→ **Work to be completed**: Your output should be the lines below from the one with "Holger Stahlknecht, IMK-Vorsitzender" through the one with "Первое время Гриша", copied exactly, pictures excluded.

→ **Supplied records**:
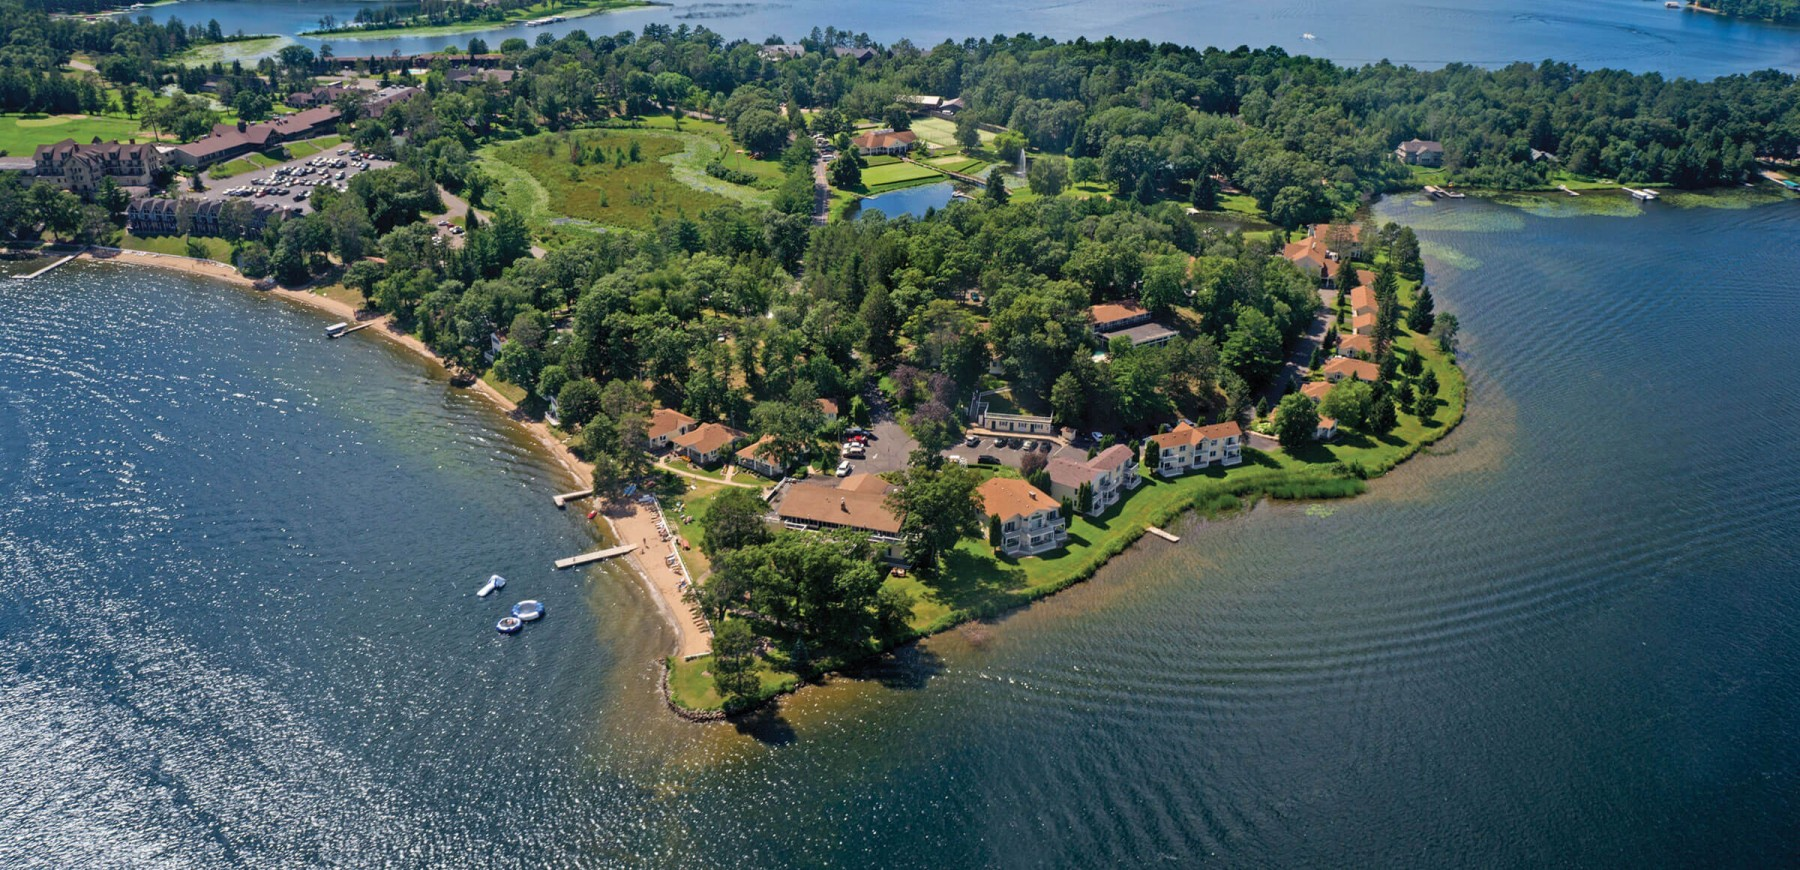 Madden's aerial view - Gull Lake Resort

* * *

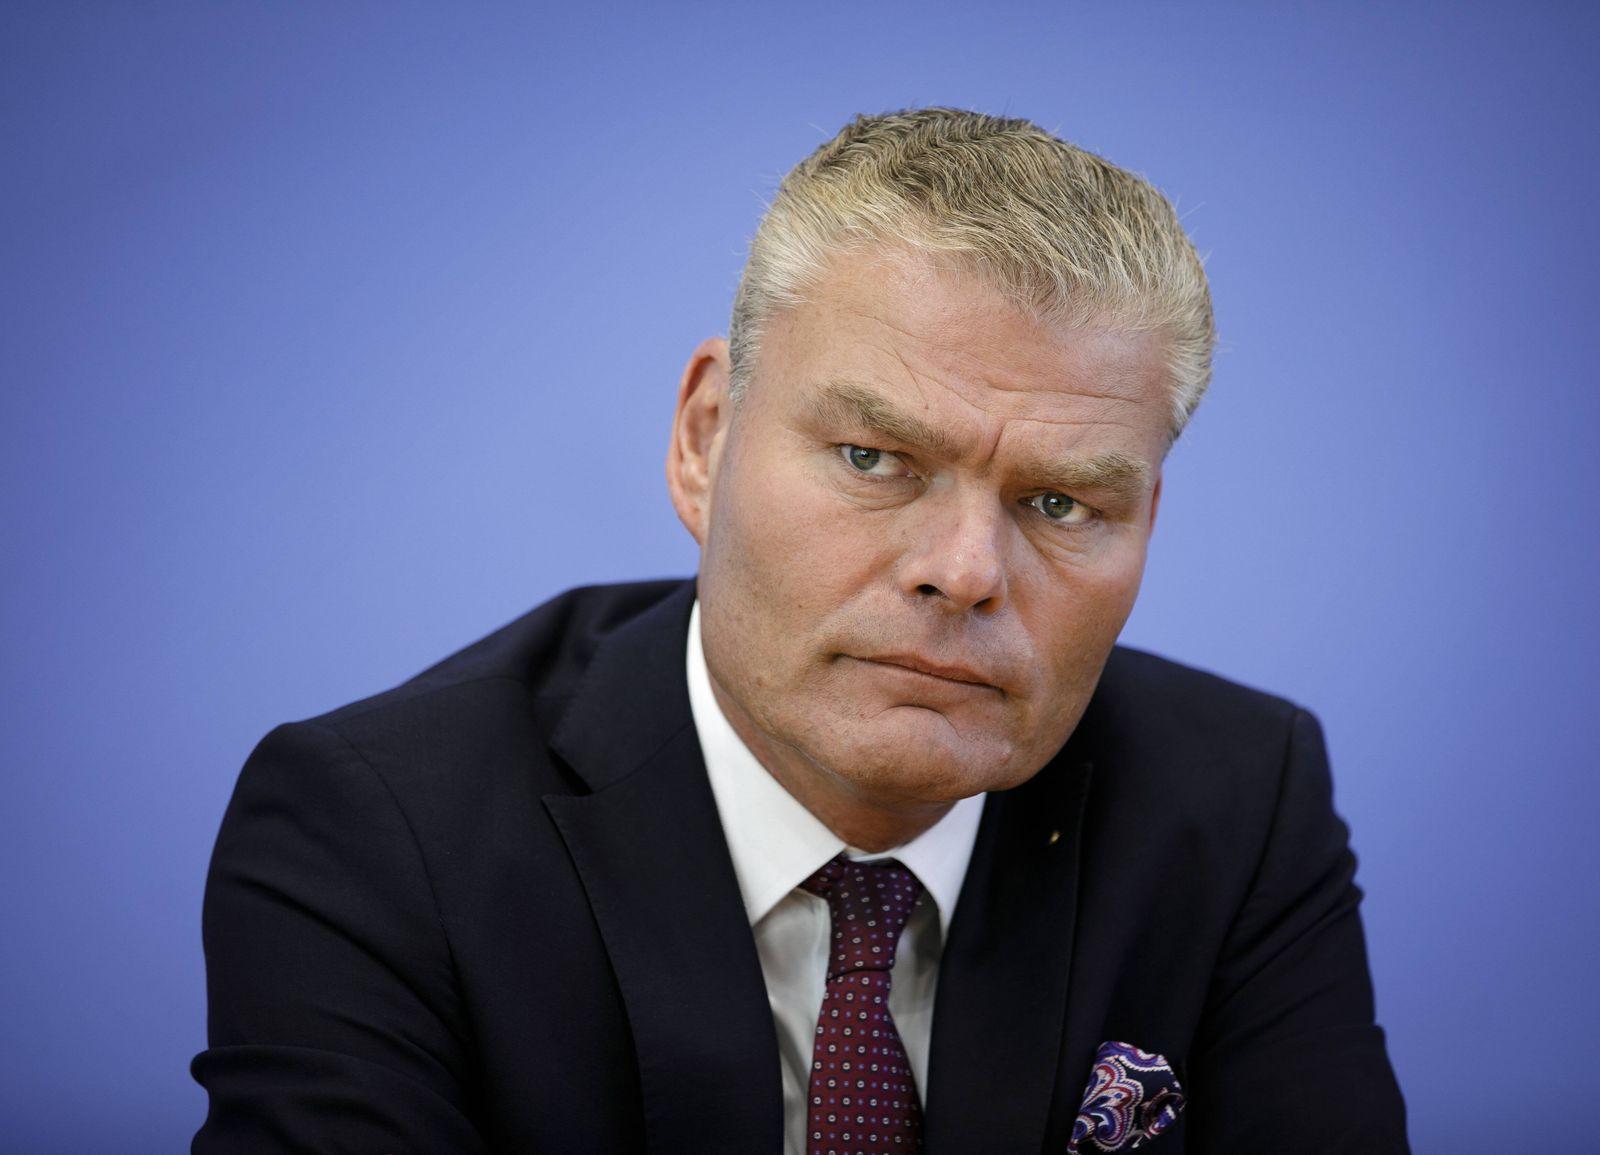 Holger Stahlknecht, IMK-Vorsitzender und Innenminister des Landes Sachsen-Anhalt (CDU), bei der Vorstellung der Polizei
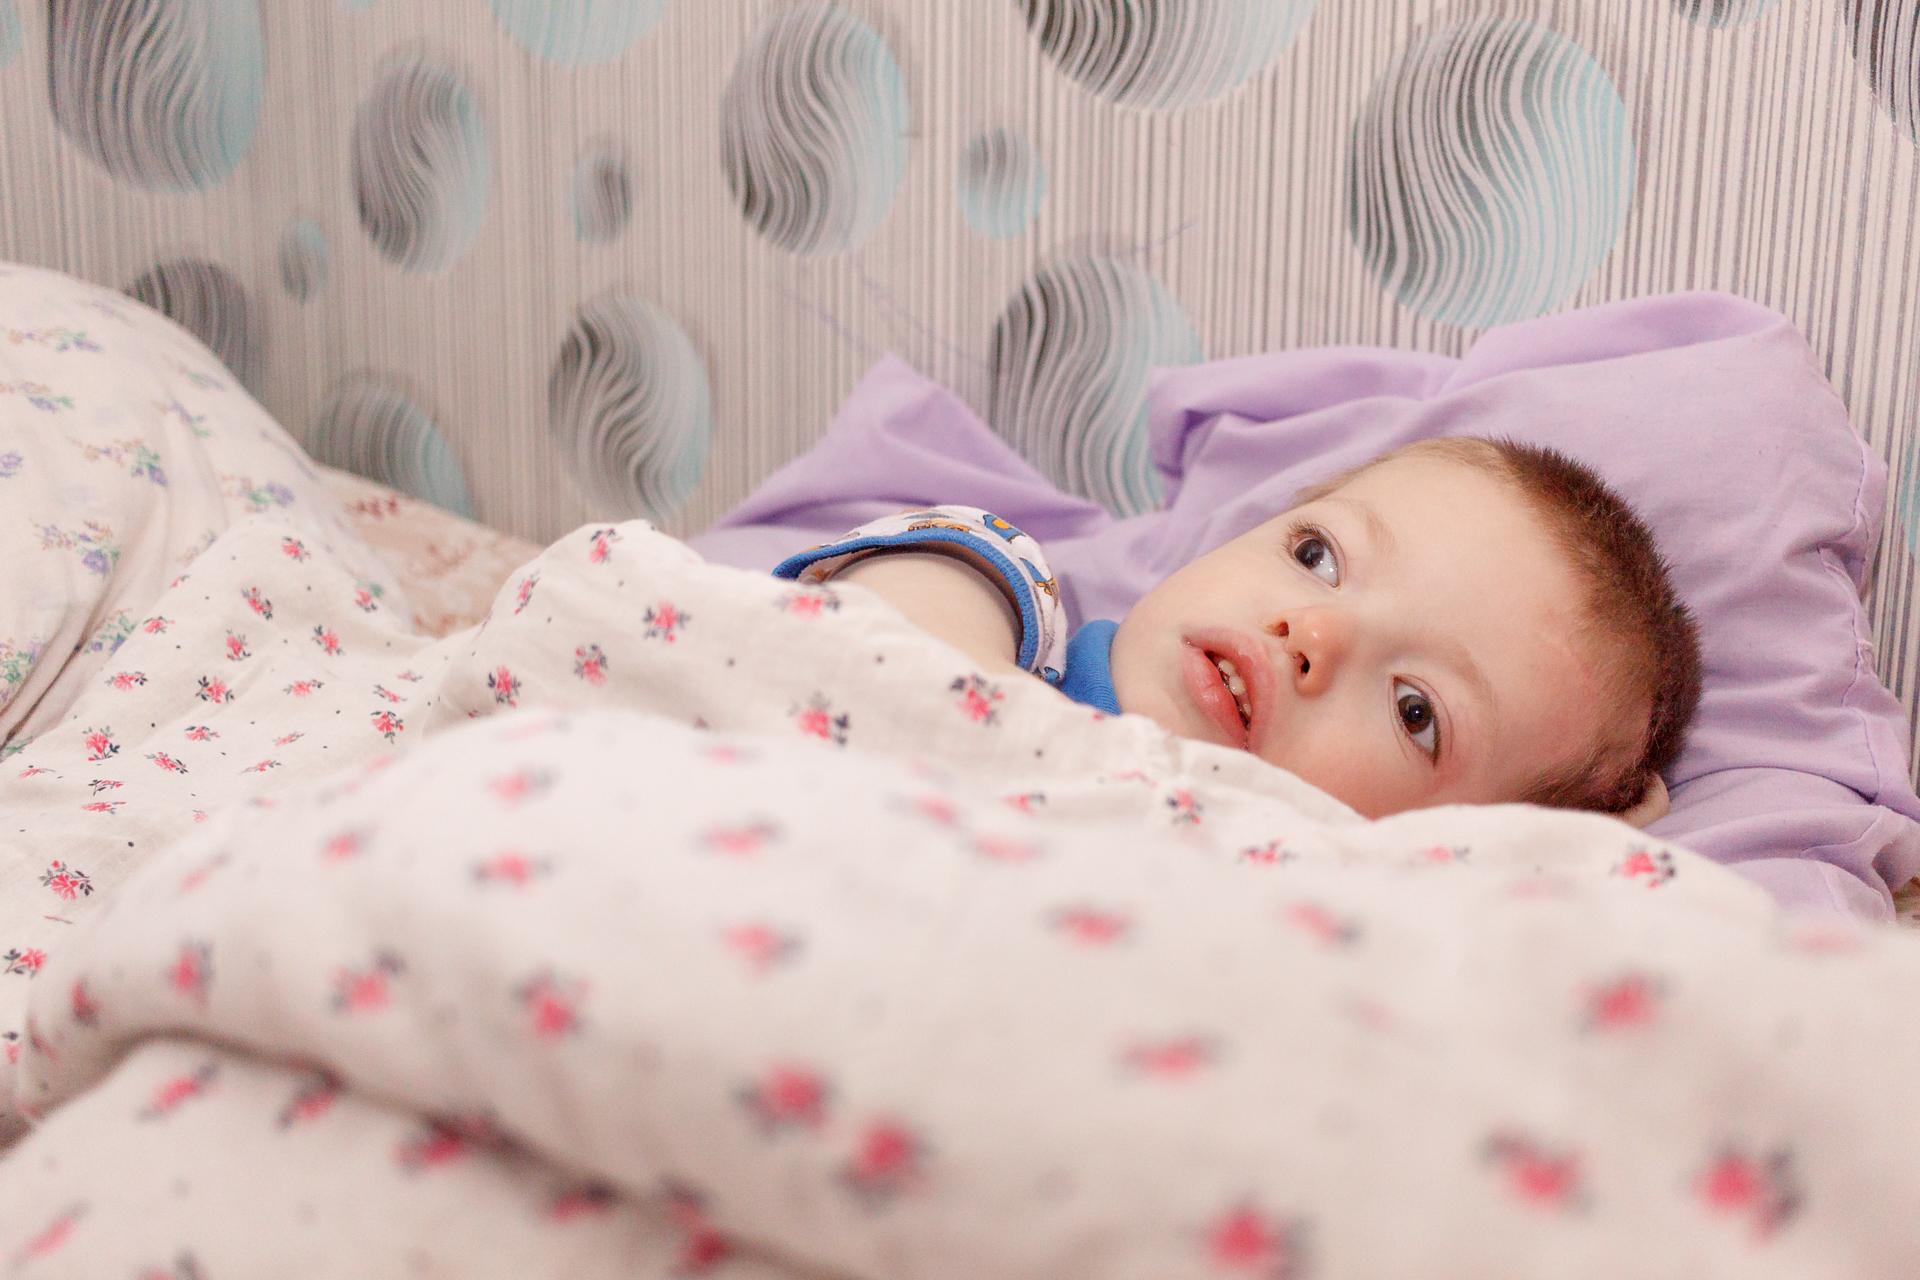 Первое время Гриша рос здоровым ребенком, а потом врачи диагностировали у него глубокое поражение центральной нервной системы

→ **Your response**:
 Holger Stahlknecht, IMK-Vorsitzender und Innenminister des Landes Sachsen-Anhalt (CDU), bei der Vorstellung der Polizei
 Первое время Гриша рос здоровым ребенком, а потом врачи диагностировали у него глубокое поражение центральной нервной системы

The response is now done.